ABOUT THIS EXERCISE:
Beginning at the line that contains "First look with" and finishing at the line that contains "Argentina wins world cup - Editorial Cartoon", output the data below exactly. Include both end lines and no pictures.

Start of EXERCISE INPUT

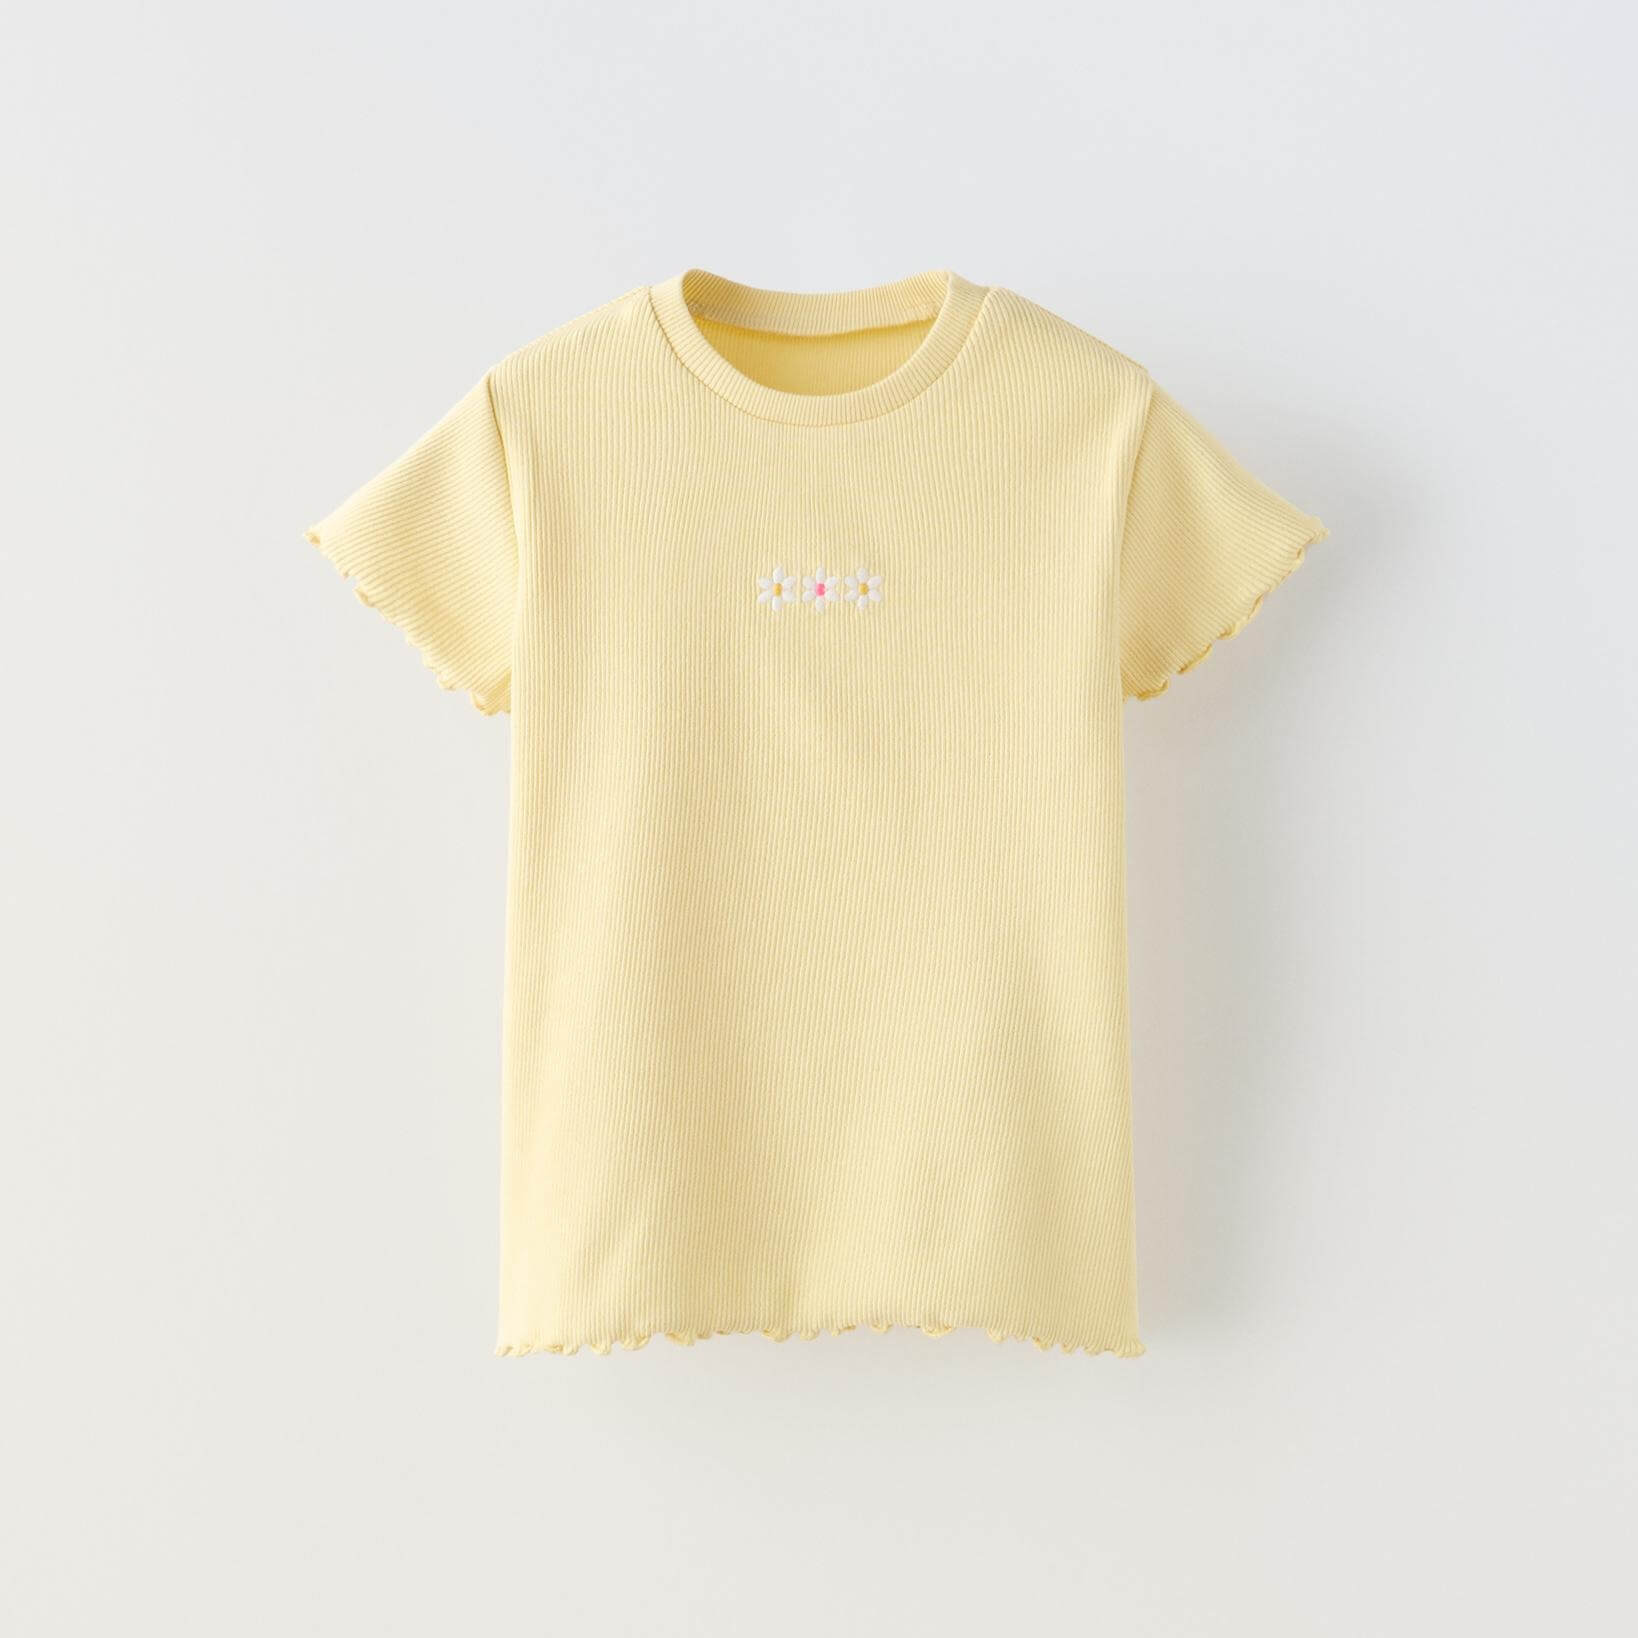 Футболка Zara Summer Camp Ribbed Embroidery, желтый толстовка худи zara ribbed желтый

End of EXERCISE INPUT
Start of EXERCISE INPUT

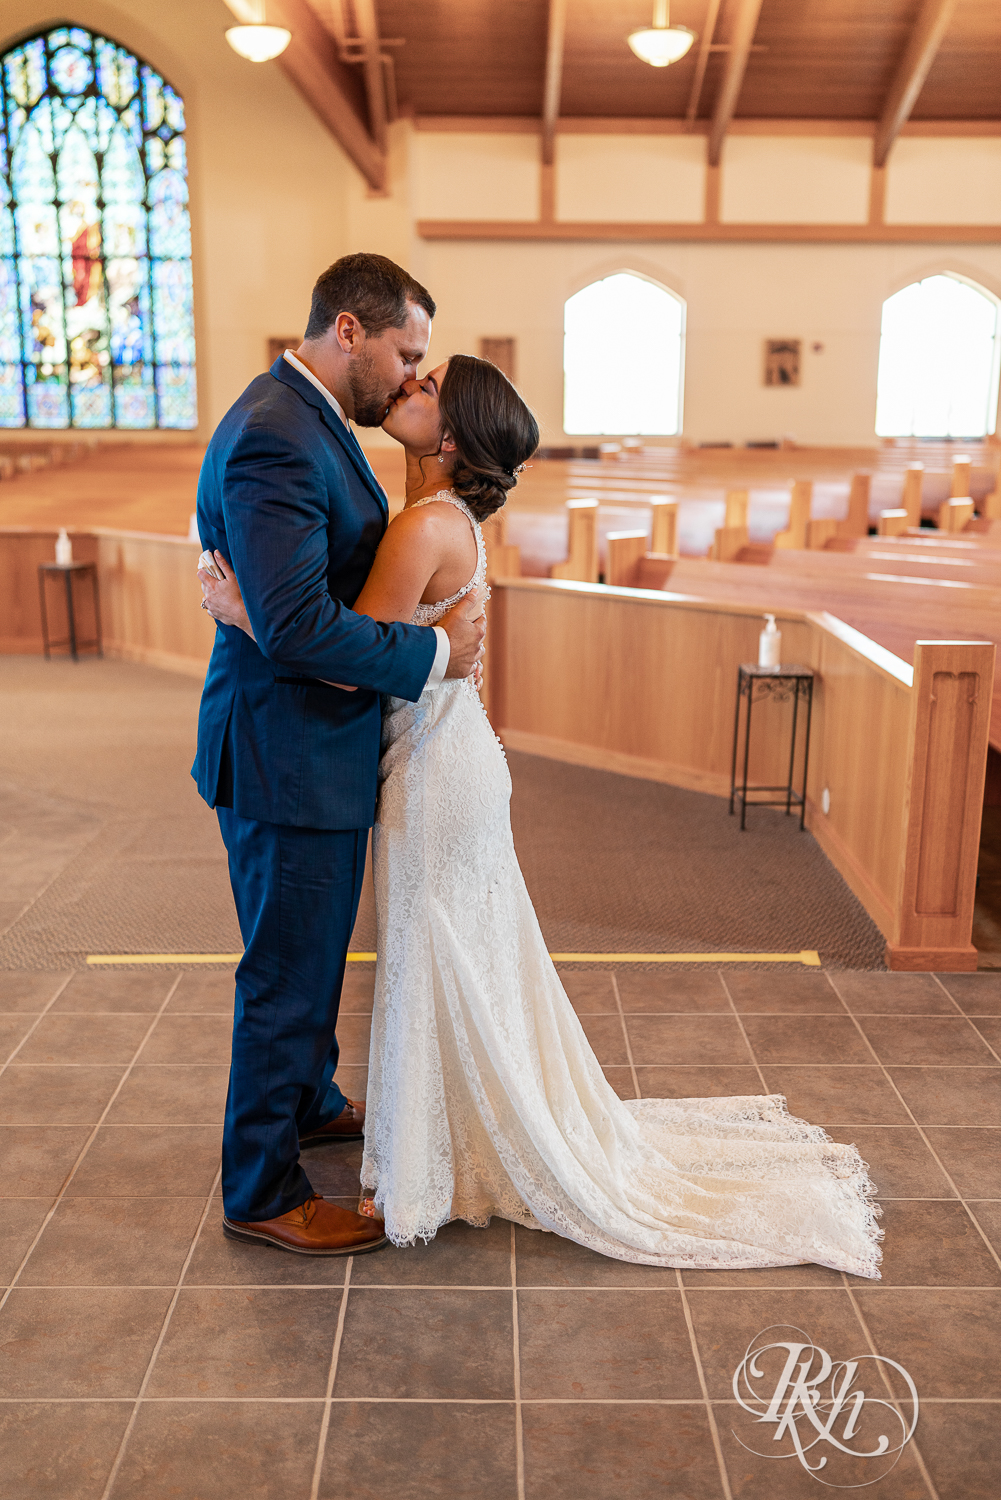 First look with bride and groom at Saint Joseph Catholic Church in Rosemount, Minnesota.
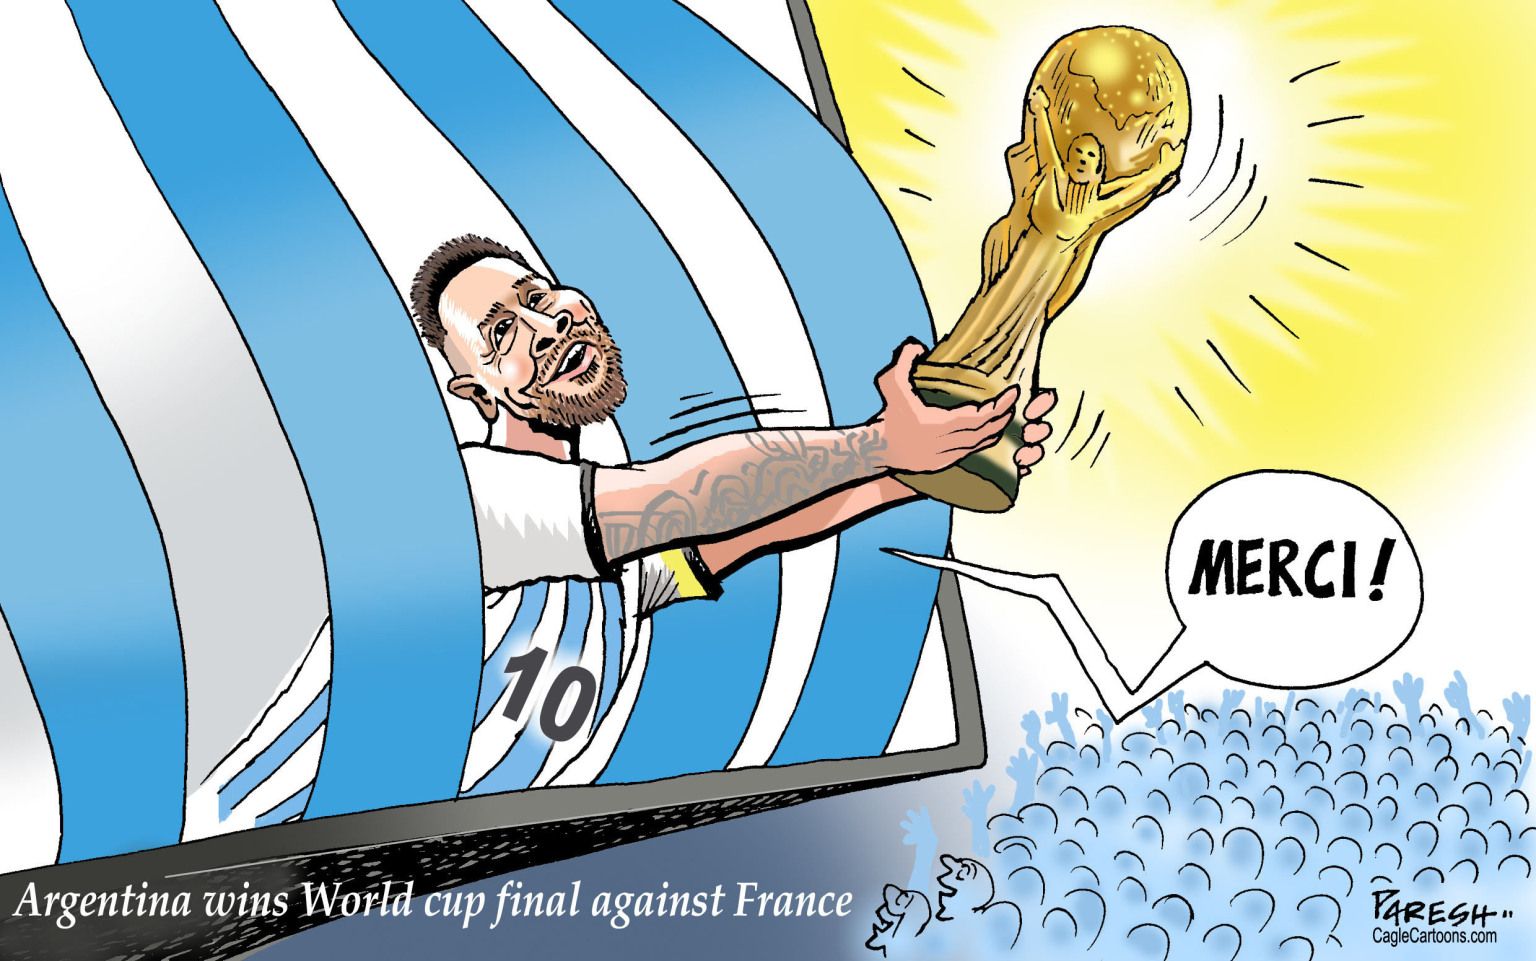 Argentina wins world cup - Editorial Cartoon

End of EXERCISE INPUT

WRITTEN ANSWER:
 First look with bride and groom at Saint Joseph Catholic Church in Rosemount, Minnesota.
 Argentina wins world cup - Editorial Cartoon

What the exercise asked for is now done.